I’ll start with a 5-number summary, and then plot a histogram.
The summary:
summary(dat_all$WIWA)
## Min. 1st Qu. Median Mean 3rd Qu. Max.
## 0.00 1.00 2.00 1.67 2.00 6.00
Next, we’ll plot a histogram of census counts.
Here’s the histogram that R produces with default settings:
hist(dat_all$WIWA)
It’s not a pretty histogram.
Let’s try setting the breaks
argument to 7. This will
suggest to R that it should create 7 bins (corresponding to
observations between 0 and 7 wrens):
hist(dat_all$WIWA, breaks = 7)
NOTE: if you look closely, this histogram includes both the observations of zero and one in the first bin. We requested 7 bins, but it only plotted 6!
When you use a single number for the breaks
argument, R
interprets it as a suggestion, but it’s binning algorithm may
decide to use a different number!
One more try: we need to un-group the zero and one counts so that we
see them as distinct bars in the histogram. We used a single number for
the breaks
argument to tell to try to automatically figure
out how to divide the counts into 7 bins.
You can use a vector for the breaks
argument. R attempts
to estimate bin breakpoints when breaks
is a single number,
but it will honor your input if you provide a vector of breakpoints:
hist(dat_all$WIWA, breaks = 0:7)
Still not exactly what we want. It turns out that for the first bin, R includes both endpoints in its count. In this case it’s counting all of the 0- and 1-observations together.
We can trick R into only counting the lower endpoint if we cleverly manipulate the sequence that we give to bins.
0:7 - 0.5
## [1] -0.5 0.5 1.5 2.5 3.5 4.5 5.5 6.5
If we write code that subtracts a single value (a scalar in linear algebra lingo) from a vector, R will subtract the number from each element in the vector and return the output.
hist(dat_all$WIWA, breaks = 0:7 - .5)
This works because the data were discrete counts. It also looks nicer because the bars are now centered over the census counts.
If we wanted to use code like this with data for which we didn’t know the maximum value ahead of time we could write:
par(mfrow = c(1, 2))
dat = dat_all$WIWA
hist(dat, breaks = 0:(max(dat) + 1) - 0.5, main = "Histogram of\nWilson's Warbler counts")
dat = dat_all$GRJA
hist(dat, breaks = 0:(max(dat) + 1) - 0.5, main = "Histogram of\nGray Jay counts")
I’ll try a Poisson distribution with lambda = 1.0:
sum(log(dpois(x = dat_all$WIWA, lambda = 1.0)))
## [1] -1739.857
Consider the likelihood calculation example for 2 observations of Wilson’s Warblers using a Poisson distribution model.
wiwa_counts = c(2, 6)
dpois(x = wiwa_counts, lambda = 4.5)
## [1] 0.1124786 0.1281201
In the walkthrough, I tried using a Poisson distribution with \(\lambda = 1.0\) to model the set of census counts of Wilson’s Warbler.

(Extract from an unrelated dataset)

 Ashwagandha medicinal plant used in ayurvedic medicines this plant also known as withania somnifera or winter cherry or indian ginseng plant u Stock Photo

You will create your own models for the census count of Winter Wrens.
Find the \(\lambda\) value of a Poisson model that makes all of the observed the Winter Wren’s census counts most likely.
Plot a histogram of Winter Wren counts (Check the metadata file to find the abbreviation for Winter Wrens). Make sure you choose an appropriate number of bins for the plot.

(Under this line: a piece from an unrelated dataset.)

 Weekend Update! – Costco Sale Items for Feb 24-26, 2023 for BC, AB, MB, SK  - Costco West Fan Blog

As a group, you’ll be searching for the value of \(\lambda\) that maximizes the sum of log-likelihood. In other words, you’ll find the the model parameter that makes the values of observed wren census counts most likely.
In the walkthrough, I tried using a Poisson distribution with \(\lambda = 1.0\) to model the set of census counts of Wilson’s Warblers.
You will create models for the census count of Winter Wrens.
You explored the use of two discrete parametric distributions to model the Winter Wren census counts.
Consider a vector of random, normally-distributed numbers:
set.seed(1)
vec_rnorm = rnorm(n = 10, mean = 0, sd = 1)
We know that the numbers came from a normally-distributed population with mean 0 and standard deviation 1.
How could I calculate the log-likelihood that the observed numbers in the vector came from a standard normal distribution?
Load the Palmer penguins dataset.
Assume the data for flipper length are normally-distributed (they are not).
Determine maximum likelihood estimates for mean and standard deviation of a normal distribution that best describes the flipper lengths.